光彥自認需要挑起這個團隊的大梁,滿臉雀斑的小男孩縮著脖子,堅強地嘀咕:“我們想要請教一下,關於大木先生的……”


    “小孩子不要學警察辦什麽案子!”


    日本畫大師如月峰水終於迴頭,衝孩子們毫不客氣地怒吼。


    鷹鉤鼻,灰白濃眉,打理得井井有條的胡須,每一根頭發絲都規規矩矩貼在頭上,如此威嚴的老人家把三小隻嚇了一跳。柯南跟和樹頗為讚同他的觀點,連連點頭。


    隻可惜攔不住,唉。


    見小不點們噤若寒蟬,老人動作利落地放筆轉身,正坐著,盡可能放軟自己硬邦邦的語氣:“不過話說迴來,空著手也不好迴去吧?給你們一樣好東西當禮物。”


    “……嗯?”


    客人們一頭霧水。


    天徹底黑下來了,山上的蟲子格外活潑,它們叫著鬧著,寂寞的星星聽著開心,在高空笑得花枝亂顫,大師卻一門心思全在被迫打斷的新作上,感覺糊弄的差不多了,便毫不客氣地將小孩與監護人趕了出去,繼續專心畫畫。如月先生古板方正,自然不會食言,少年偵探團此行雖然沒有打聽到信息,但的確沒有白來,每一個人,包括掛名成員和樹,手中都拿著一幅黑白人物速寫,裝裱用心,畫風詼諧大氣——至少他們還沒見過這種畫風的自己——最值錢的,應該是畫中人大大的腦門旁那大師的簽名印章吧。


    “收到畫是很高興啦……”光彥恍恍惚惚地說。


    “卻沒有問到跟案件有關的事。”元太滿臉幽怨。


    “難道不是警察就不行了嗎?”步美抱著畫鼓鼓臉頰。


    和樹把畫夾在胳肢窩,一邊發短信給詢問自己怎麽還沒迴家的隼醬迴話,一邊好笑地迴答步美的疑問:“不然呢?法律規定,隻有警察有權力能做這種事呀?”

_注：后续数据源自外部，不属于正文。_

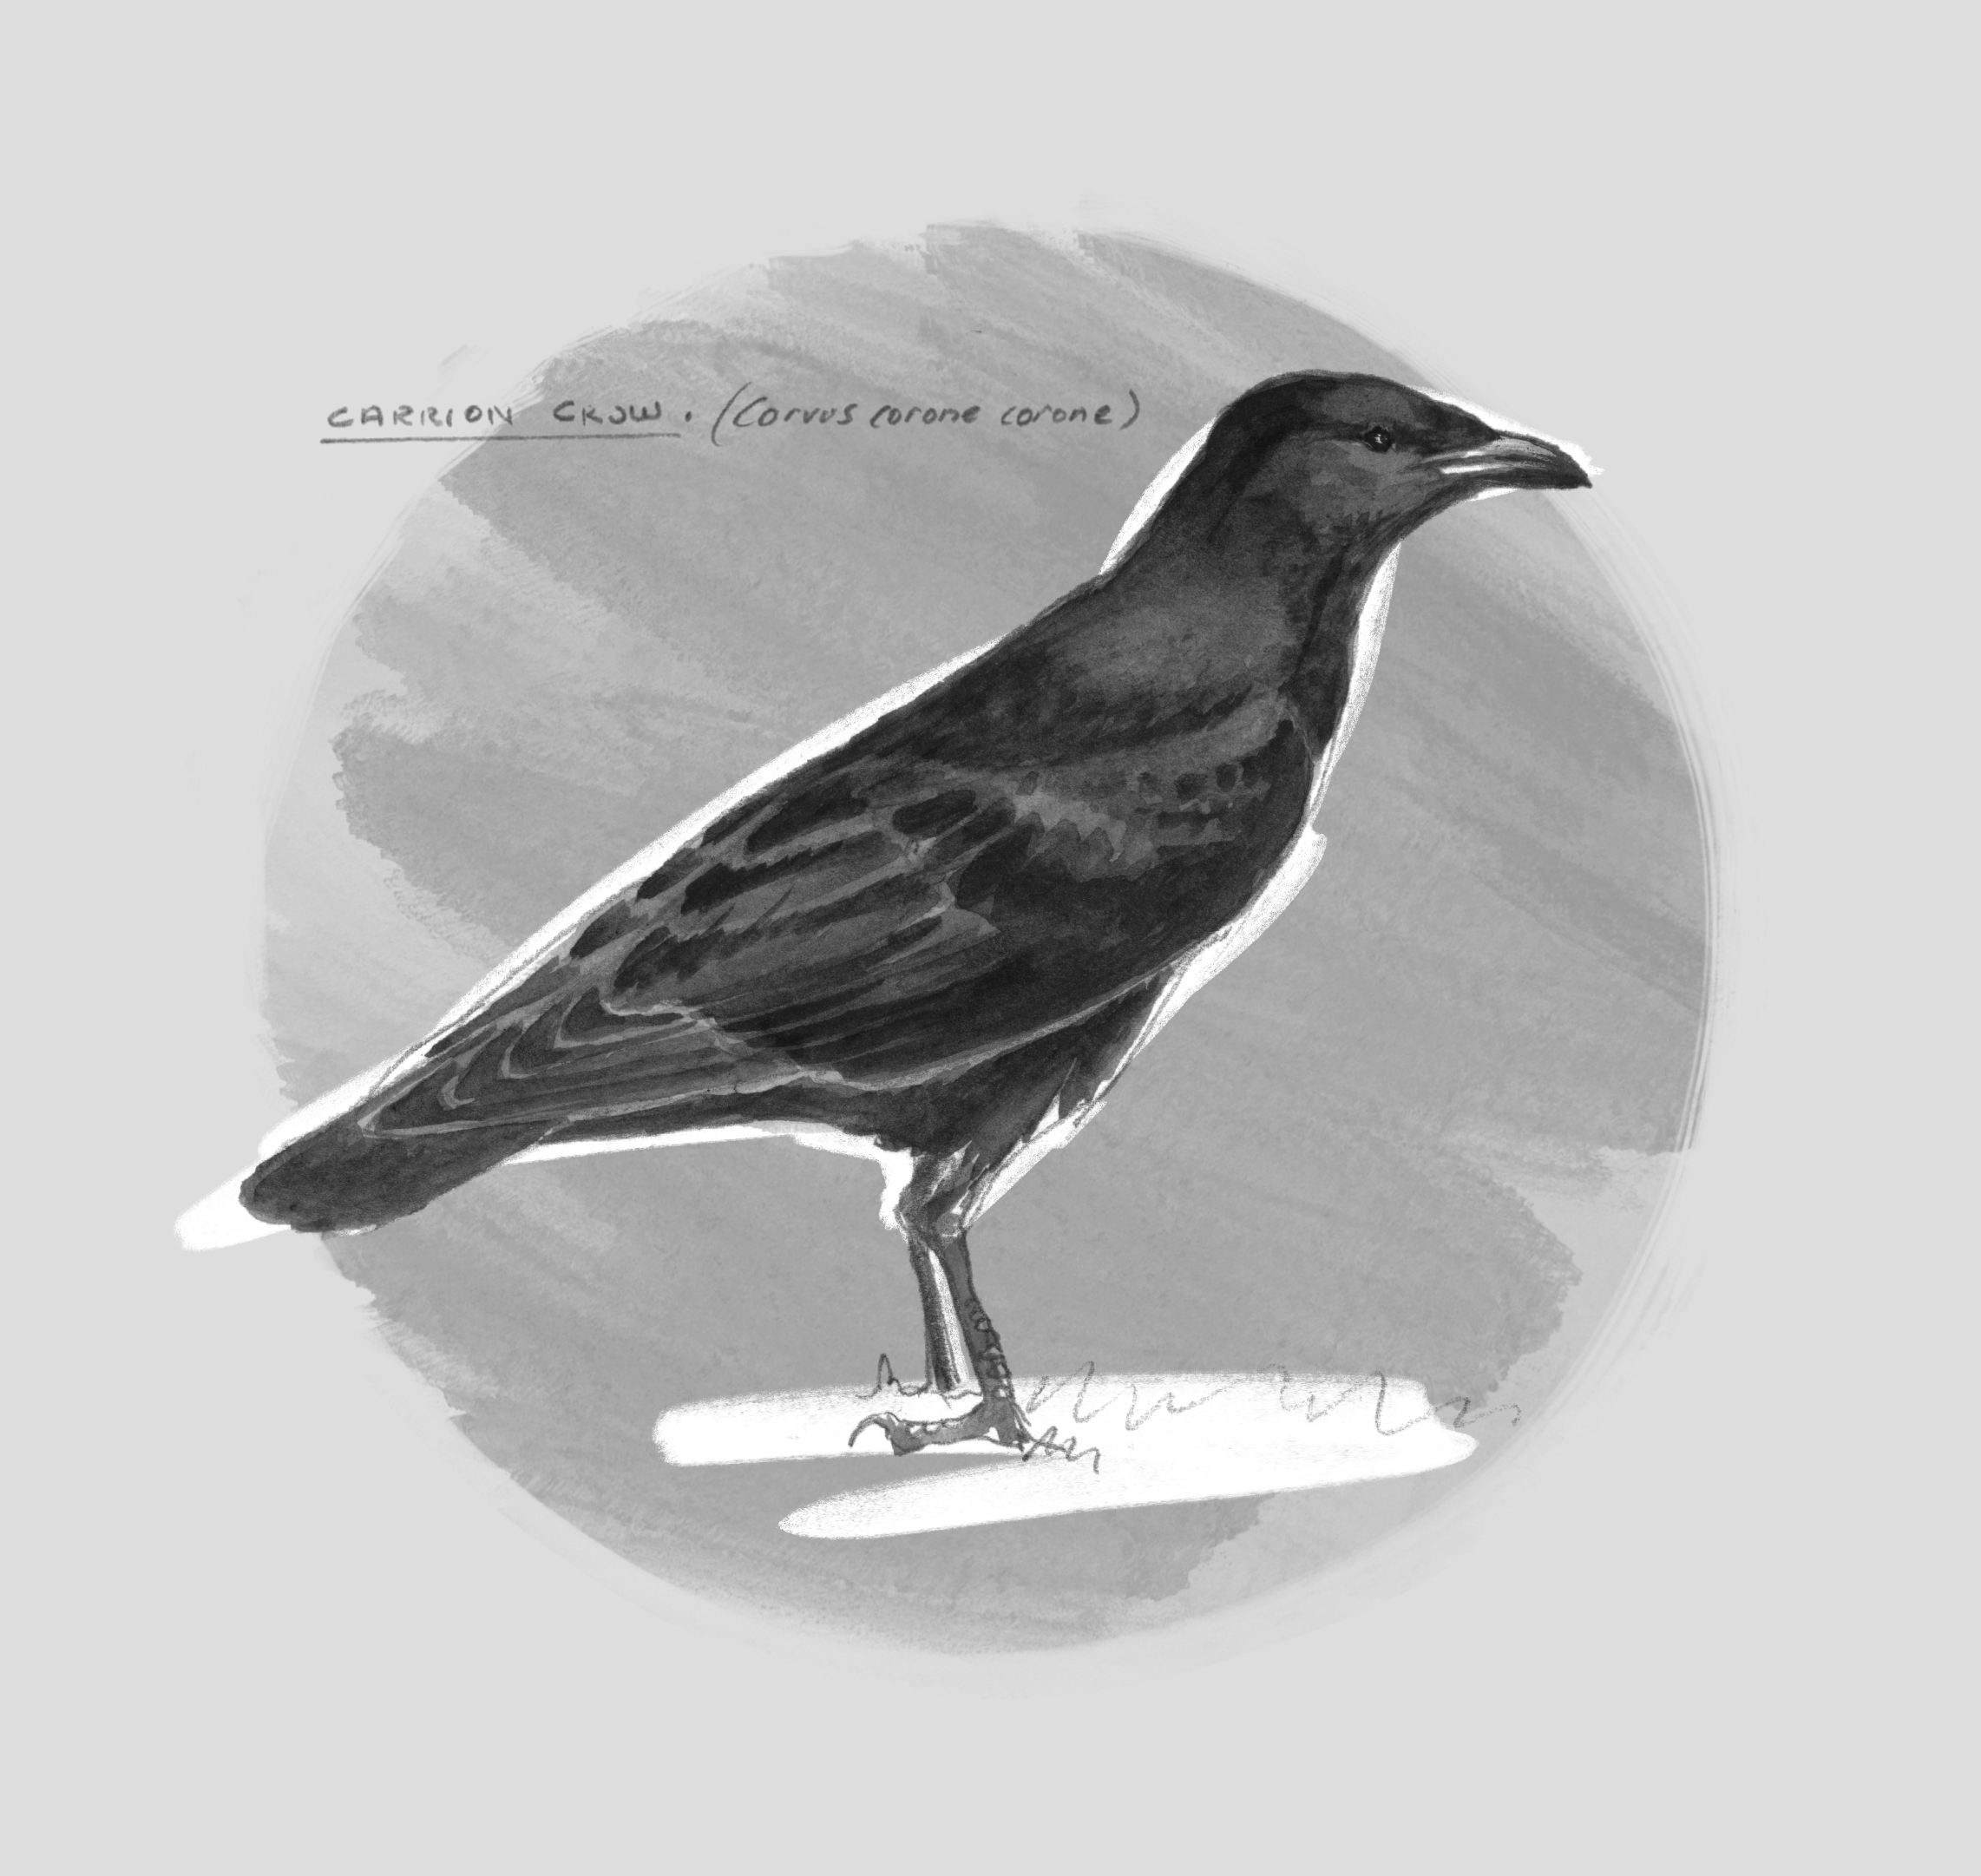 Corvus corone Ansichtskarte: Rabenkrähe carrion crow ein schönes Porträt

    “沒錯。”柯南抬起麻醉槍、啊不是,手表,看了看時間,“已經六點了,今天就到此為止吧?”


    大家肚皮空空,乖巧答應下來,順便約好第二天見麵的時間。明天還要去問原先生,他超級好,一定會告訴我們好多好多情報噠!三小隻很有信心。


    米花的黑夜懂的都懂,和樹沒有辜負監護人的職責,把孩子們挨個送了迴去。柯南倒是沒這個需求,他一身高科技裝備,腦子也好使,犯人遇上他也不知道是誰比較危險;不過兩個好朋友忙活了一天,此刻終於有了獨處的時間,並排漫步在人煙稀少的小巷上,聊起黑羽家的奇怪動向。

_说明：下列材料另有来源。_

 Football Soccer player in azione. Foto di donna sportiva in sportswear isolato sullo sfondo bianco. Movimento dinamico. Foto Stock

    黑羽啊,嘖,難道那種龐然大物也摻和進來了嗎?


    天才的偵探從來不畏懼繁雜的線索,但現在的問題是壓根沒有線索啊!柯南頭疼,他敲敲自己的腦門,思慮再三,還是沒有告訴和樹他曾經發現組織在雙塔摩天大樓出沒的消息。


    迴去探探灰原的口風,實在不行冒險去找找易容成新出醫生的貝爾摩德——說起來也有一段時間沒見她了——哦,還有爸媽,他們人脈更廣,說不定知道黑羽家跟組織、以及這次遇害的議員是否有聯係。

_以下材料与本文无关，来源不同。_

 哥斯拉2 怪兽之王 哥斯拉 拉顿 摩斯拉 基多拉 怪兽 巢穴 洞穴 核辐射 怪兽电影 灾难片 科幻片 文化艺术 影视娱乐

    總之,後路還有許多條,柯南堅持不想把天真的朋友牽扯進來。


    揮手送別柯南,和樹慢吞吞朝車站走,在一個自助販賣機前駐足選了一瓶橘子汁。他正要投幣,頓了頓,光潔的玻璃上浮現出一張燦爛的笑臉。


    “你來接我啦?”


    他說著,多投了幾枚硬幣,給摯友也買了一瓶飲料。


    在空中盤旋的鴿子“咕咕”迴應了一聲,輕車熟路地確認過附近沒有攝像頭,更沒有路人,意思意思找了個隱蔽的角落落地變迴人形。和樹把他最近喜歡上的無糖可樂遞過去,卻發現隼醬全身緊繃,活像是一座壓抑到極點的活火山。


    “怎麽啦?”和樹斂去笑意,擔憂地問,“你不是去問你大侄子了嗎?不順利?”


    隼死死咬住嘴唇,半晌才生硬地擠出兩個字:“沒有。”


    他如今不敢張嘴說太多,生怕自己說著說著失控把怒火發泄在阿熏身上。烏丸十分大方——是的,隼終於知道大侄子姓啥了——告訴他很多情報,而他方才也打電話,確認了那些事的真實性。隼的胸口憋著一股氣,他接過可樂,閉上眼睛深唿吸,灌下一大口冰飲,再拉上阿熏暖暖的手,那氣終於散去了些許。


    “我姐姐明天迴國。”


    “誒?”和樹大驚失色,要說姐姐,黑羽陽花是隼醬唯一的親姐姐,可是,“陽花姐、她不是前天才又動了一次手術嗎?”


    黑羽陽花之前生了一場大病,搶救時隼還特意去加拿大看過她,後來為了治病,她又斷斷續續做了不少次手術。和樹見過姐姐的照片,春馬哥有給隼醬分享過。年輕女人眉眼間能勉強看出幾分隼醬英氣的輪廓,臉色卻是慘白的,最小的病號服穿在她身上都顯得空空蕩蕩;她抿著唇,溫和又羞澀地笑著,據說隻要慢慢調養,還保留有恢複健康的可能。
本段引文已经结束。